In vivo pharmacokinetics study of MC1RL-800. A) Plots of normalized fluorescence values for high- and low-expressing tumors and kidneys over a longitudinal time-course following administration of low (1 nmol/kg) and high (5 nmol/kg) doses of probe. Insets show representative normalized fluorescence intensity map overlays on visible light images of mice bearing bilateral flank xenograft tumors, 2 hours post intravenous injection of the probe that were acquired using the Optix-MX-3 instrument. B) A representative ex vivo fluorescence image (left) of kidney 2 hr after probe injection acquired using the IVIS 200 instrument and corresponding IHC stained sections of MC1R (center) and MC5R (right).
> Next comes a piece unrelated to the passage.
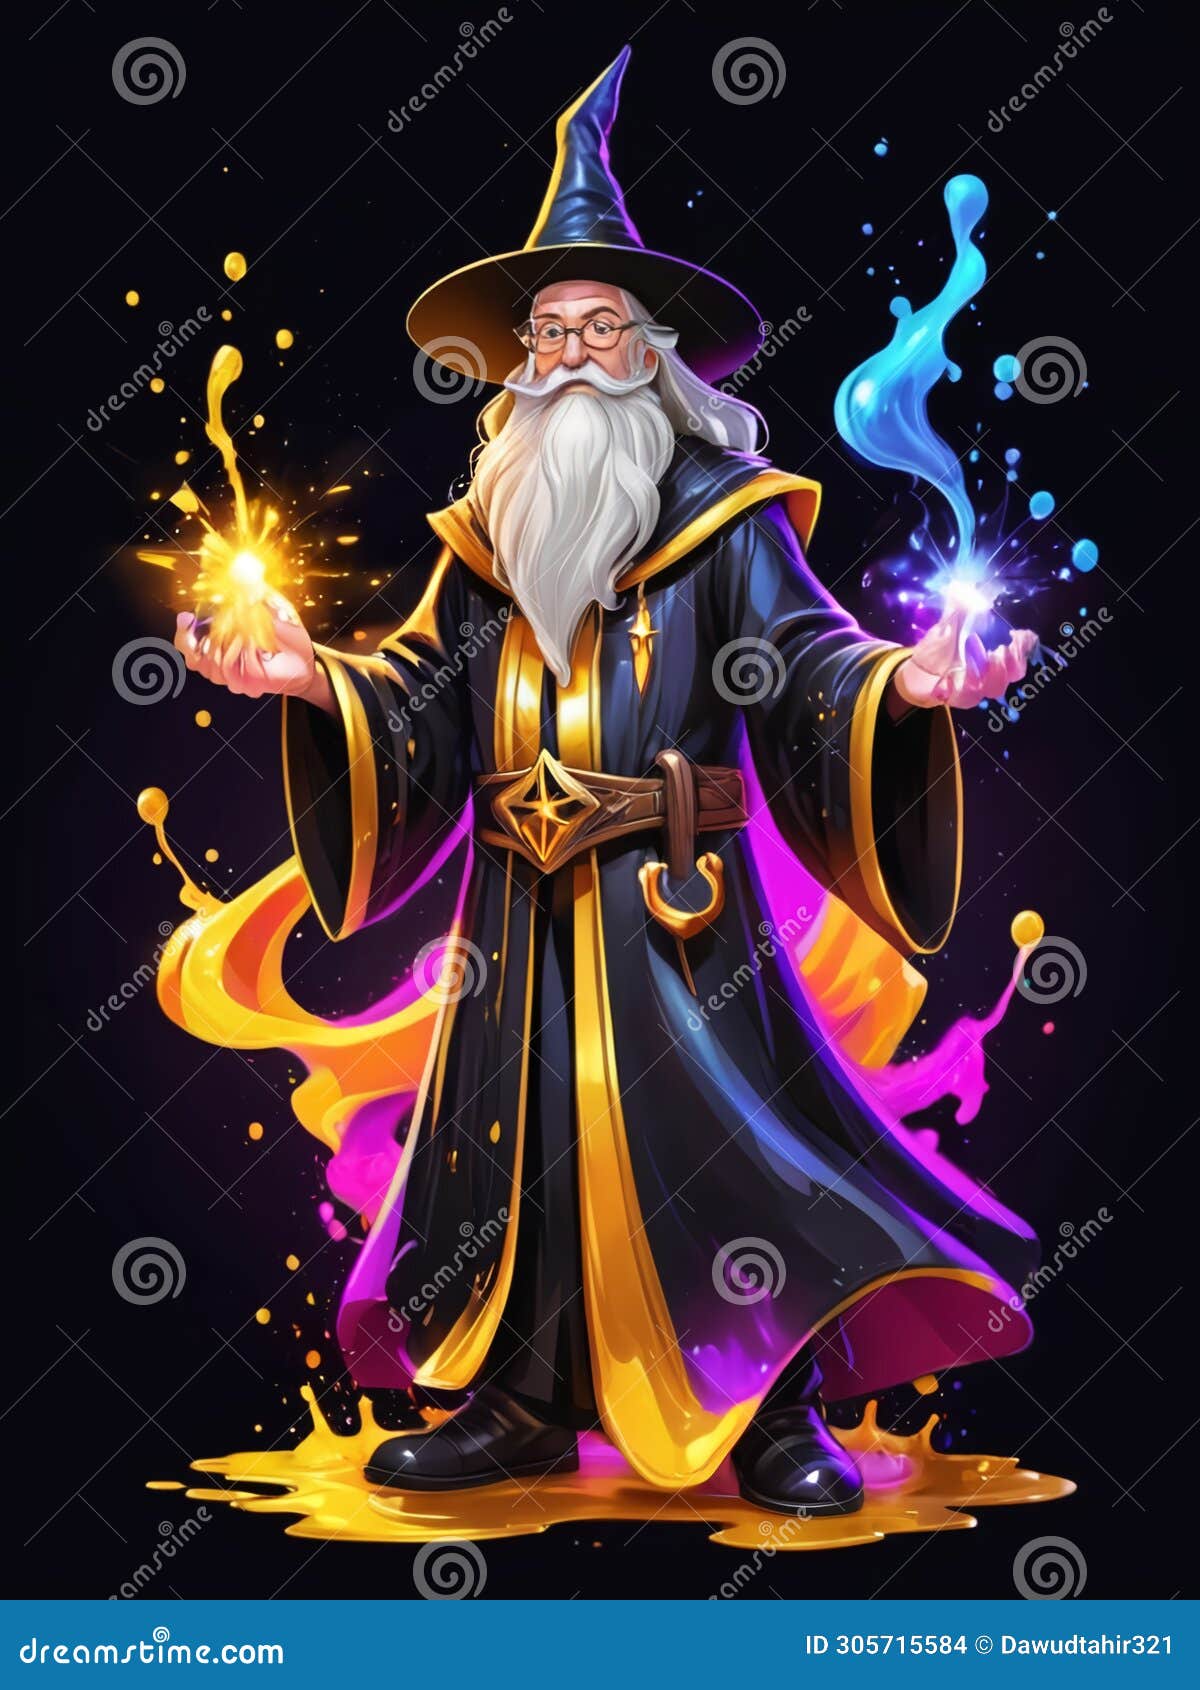 neon enchantment vibrant wizardry in cartoon splash art with bold gold and black accents

C) Co-injection of 1 nmol/kg of MC5R specific ligand and 5 nmol/kg of MC1RL-800 (right image) to reduce kidney uptake of the probe. Inset shows representative normalized fluorescence intensity map overlays, 30 min post intravenous injection of the probe (control, left image) and probe plus MC5R ligand co-injection (right image). Images were acquired using the Optix-MX-3 instrument. Data represent mean ± s.d. NC: Normalized Counts.